I already built a translation app for Android that does near-time real-time language translation with multiple speaker diarisation (multiple voices stored in a vector db and given a different voice). So far I only have English to Japanese and Japanese to English.
They say we are living in the age of the Anthropocene. I hope we are entering the age of the Metaciviliztion. Humanity will enter an age where not are we not only open, but we form a symbiosis with AI.
They started the company as nonprofit with mission and vision to go with it. Now going for profit it is misleading the original founder, mission and vision.
SignalWire has been offering a real time voice API to their AI since Oct 2023, and their pricing is pretty close at $0.25min. I wonder if this application- auto-attendants upgraded with AI, is the market OpenAI had in mind when arriving at their pricing? I'm not sure what AI SignalWire is using, but I will say the voice leaves something to be desired (compared to OpenAI).

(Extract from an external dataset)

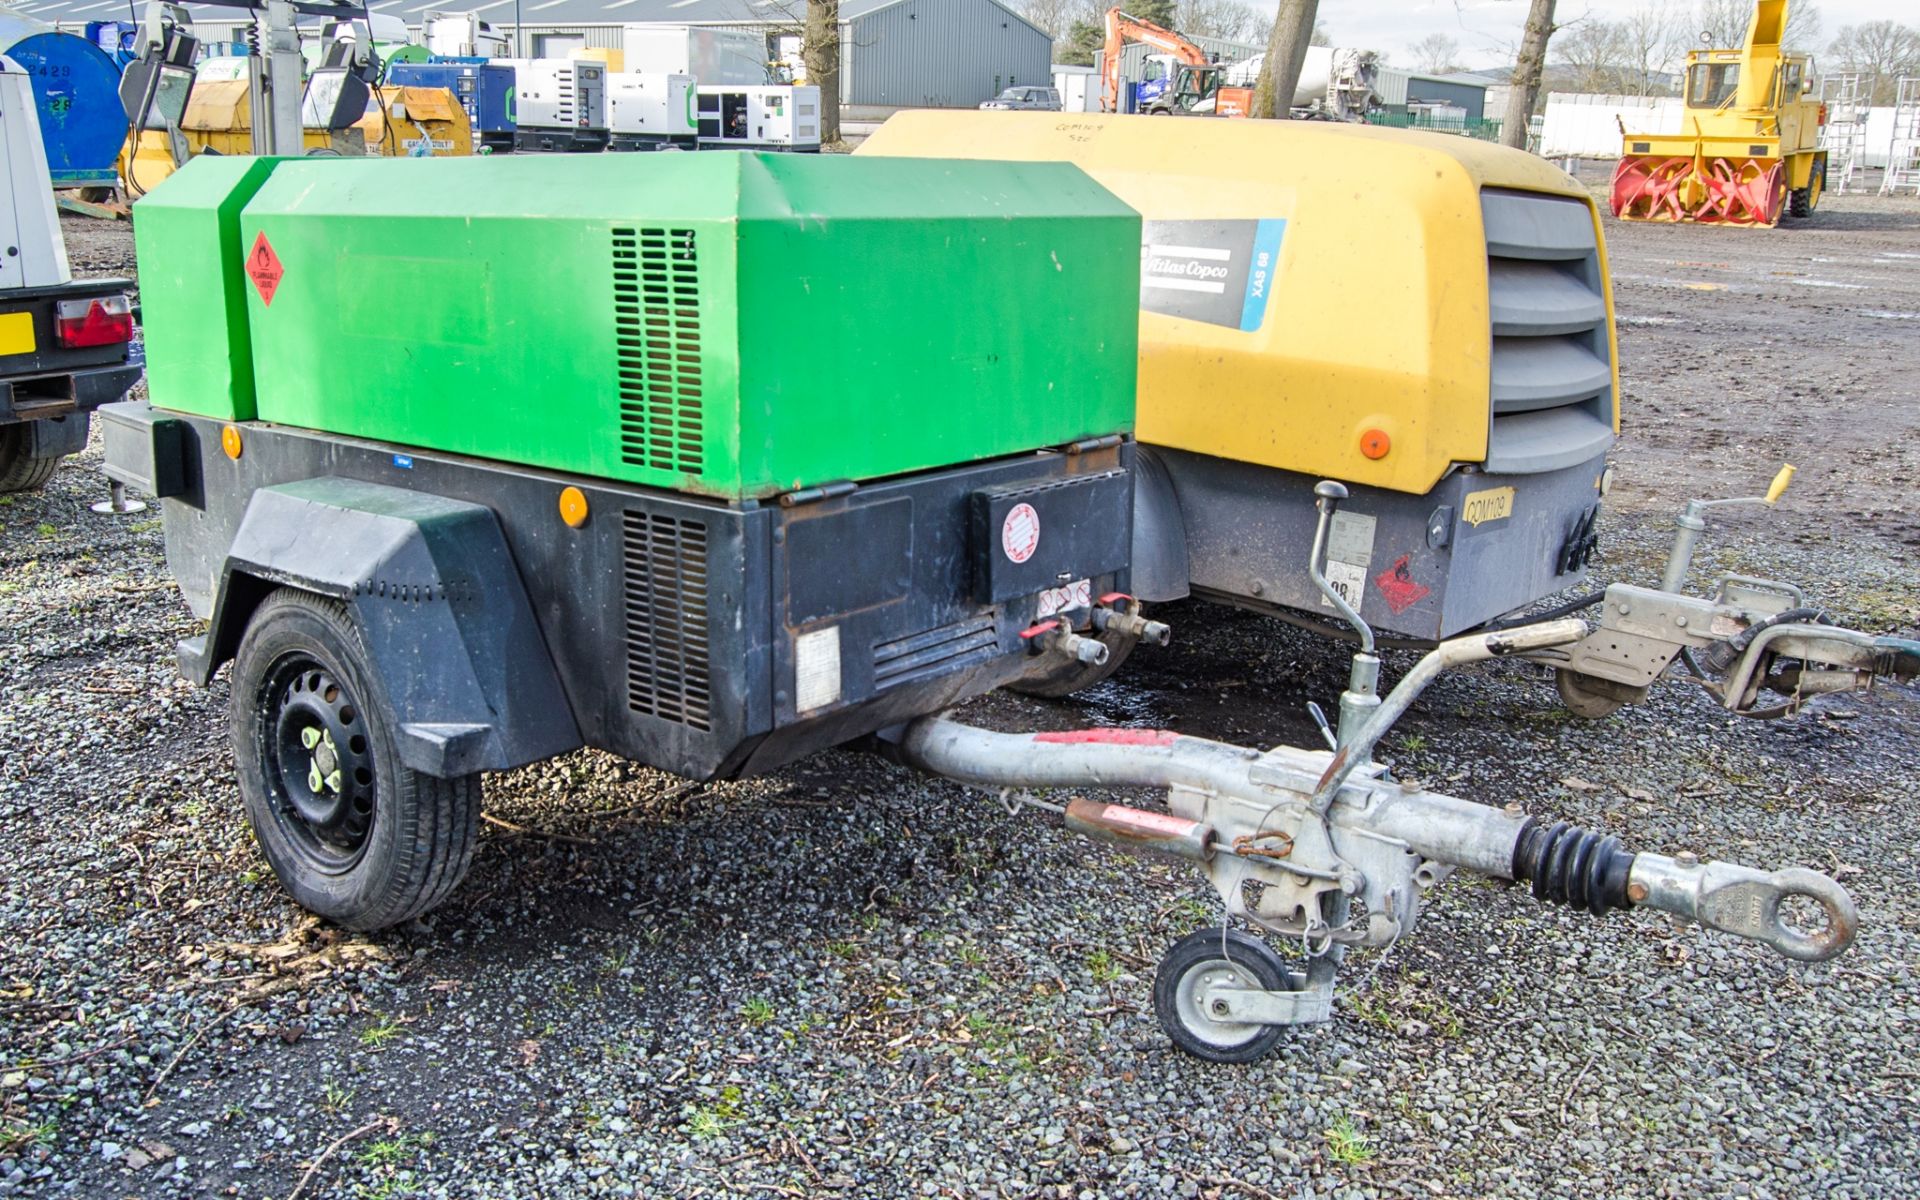 Doosan 741 diesel driven fast tow mobile air compressor Year: 2011 S/N: 430670 Recorded hours: - Image 2 of 7
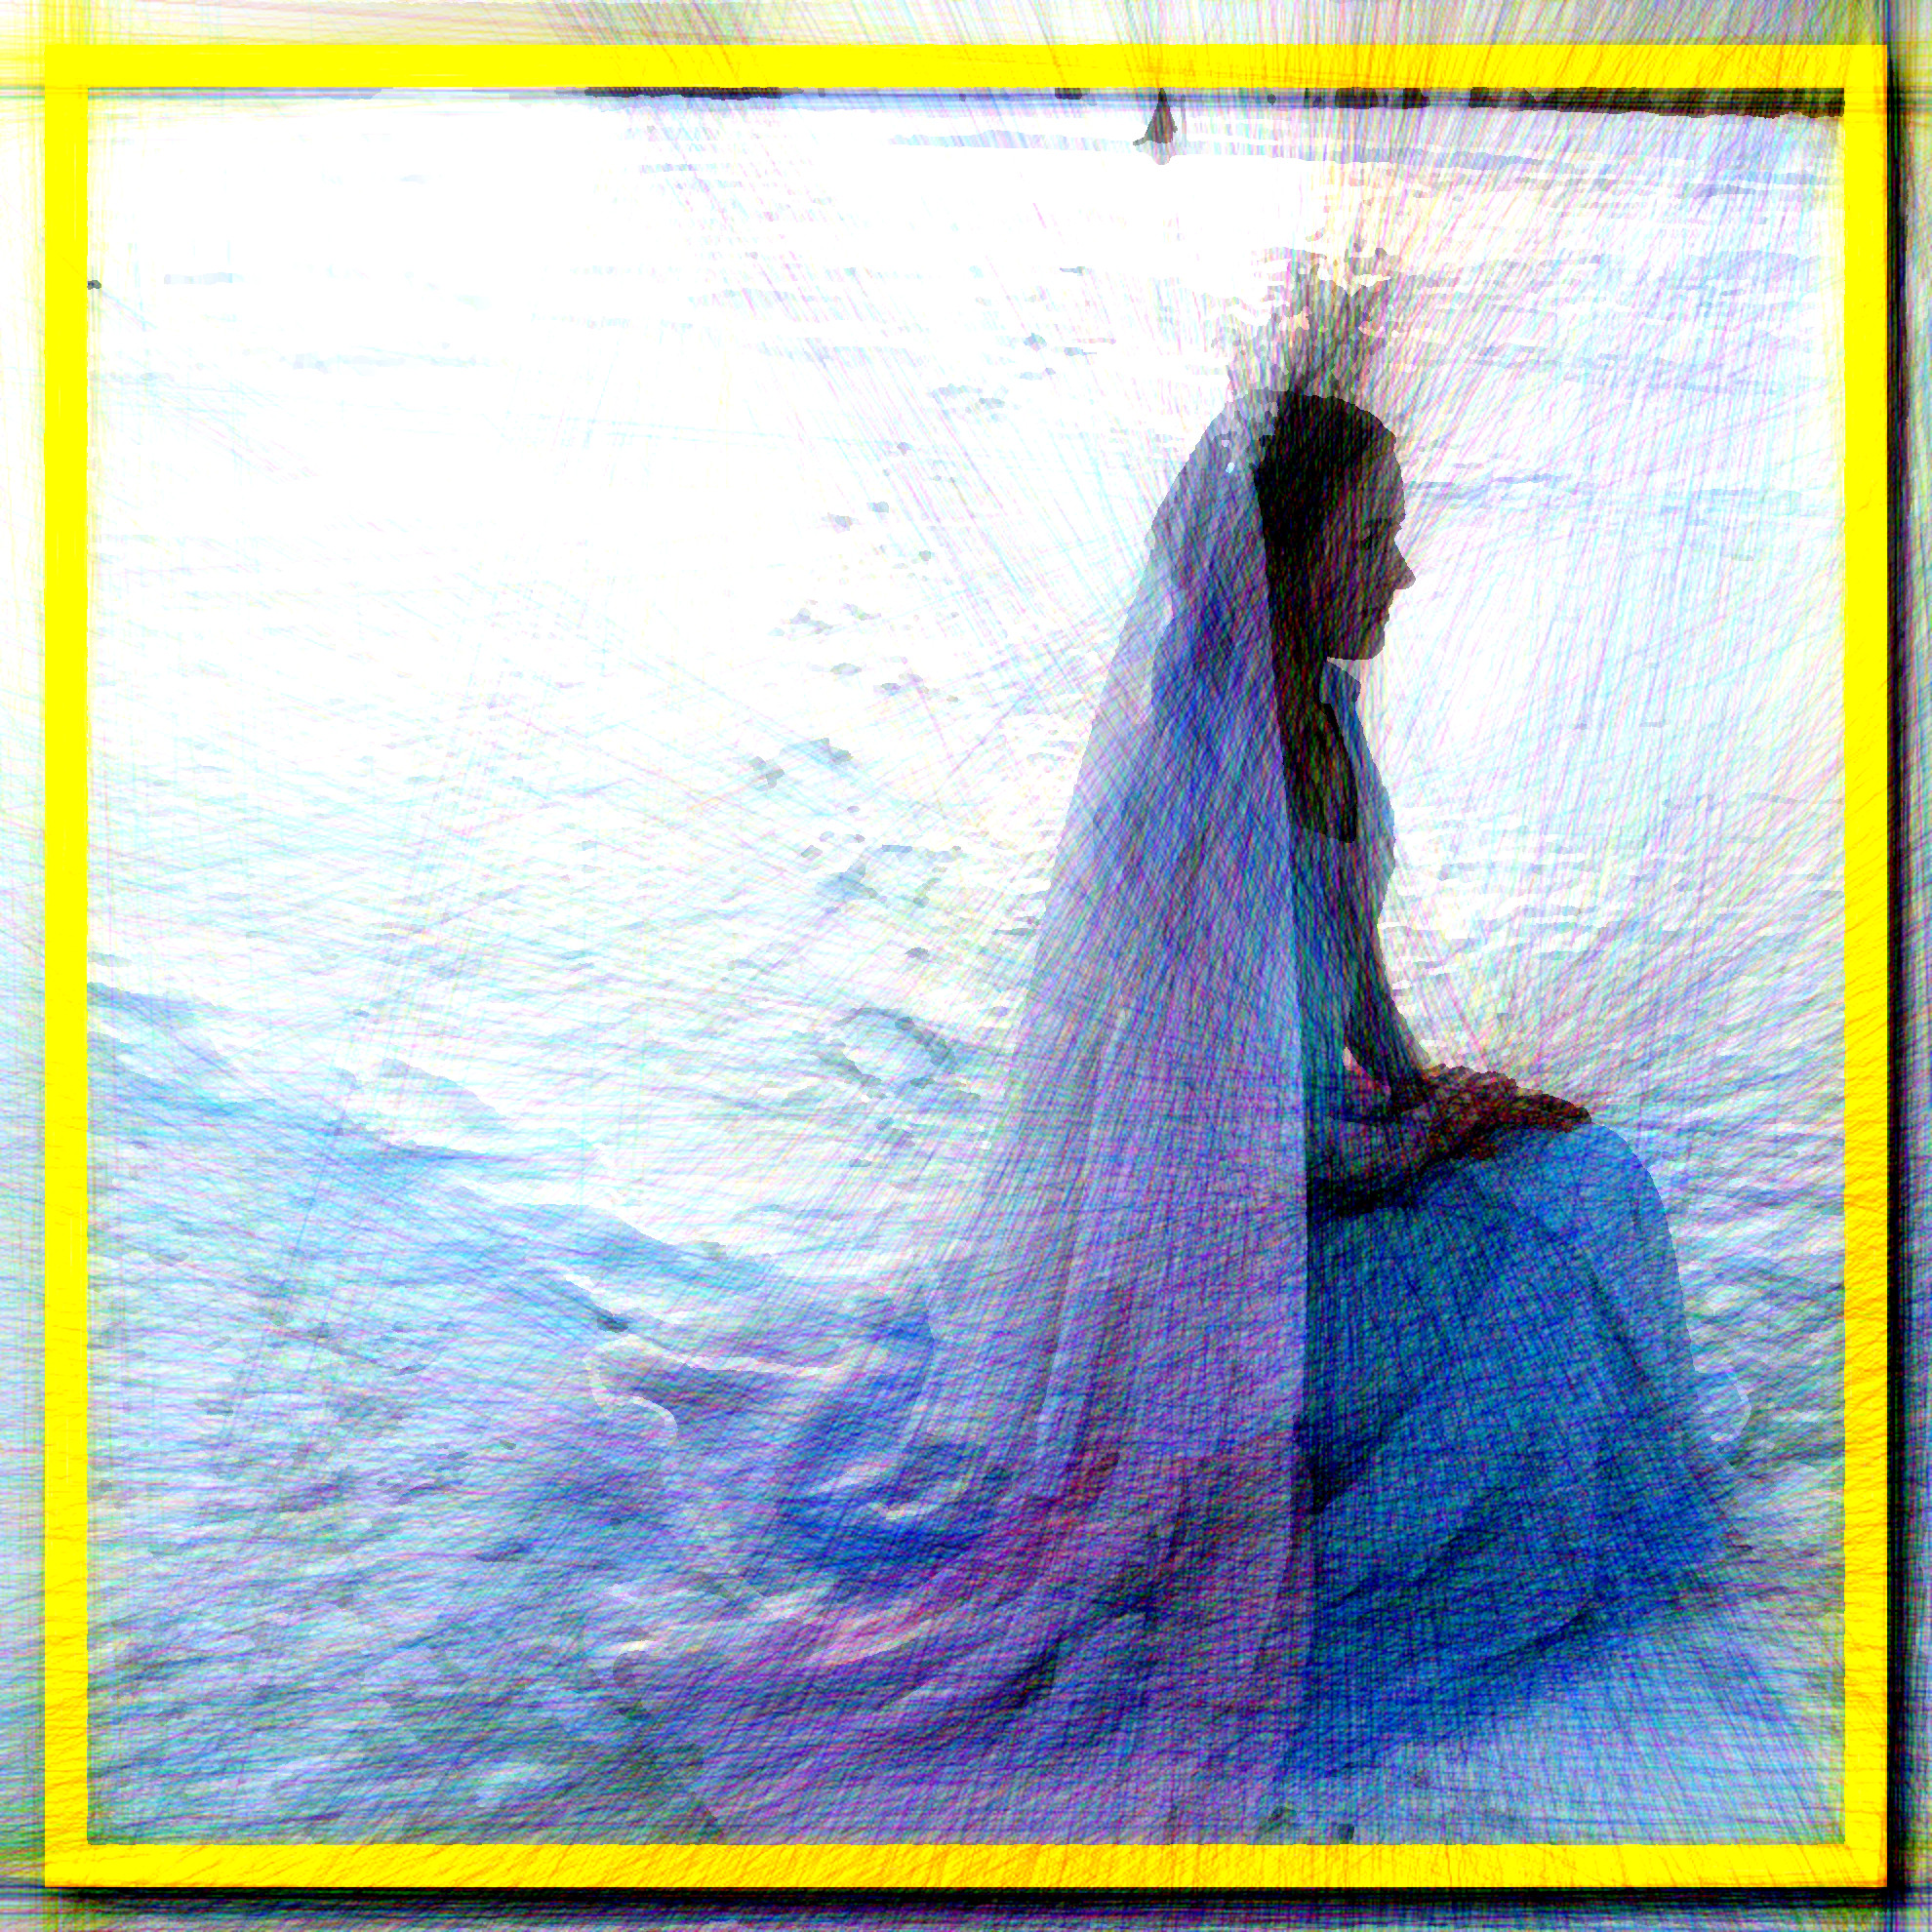 2023-05-28 09-01-16costume__winter_morning__by_aquilina108_dbl2sn2-fullview_portrait with a framed Artistic effect, style Linify.jpg

Will people finally give up including Sora when they talk about AI video generation? It seems that OpenAI have quietly shelved it. As for the API pricing - that's hideously expensive, not "cheap". I haven't got a problem with what they charge as I'm sure some companies with deep pockets will have no problem paying those kind of charges. But to claim that is cheap is really not correct - not for small developers. Those "pennies" will soon add up to large amounts of money.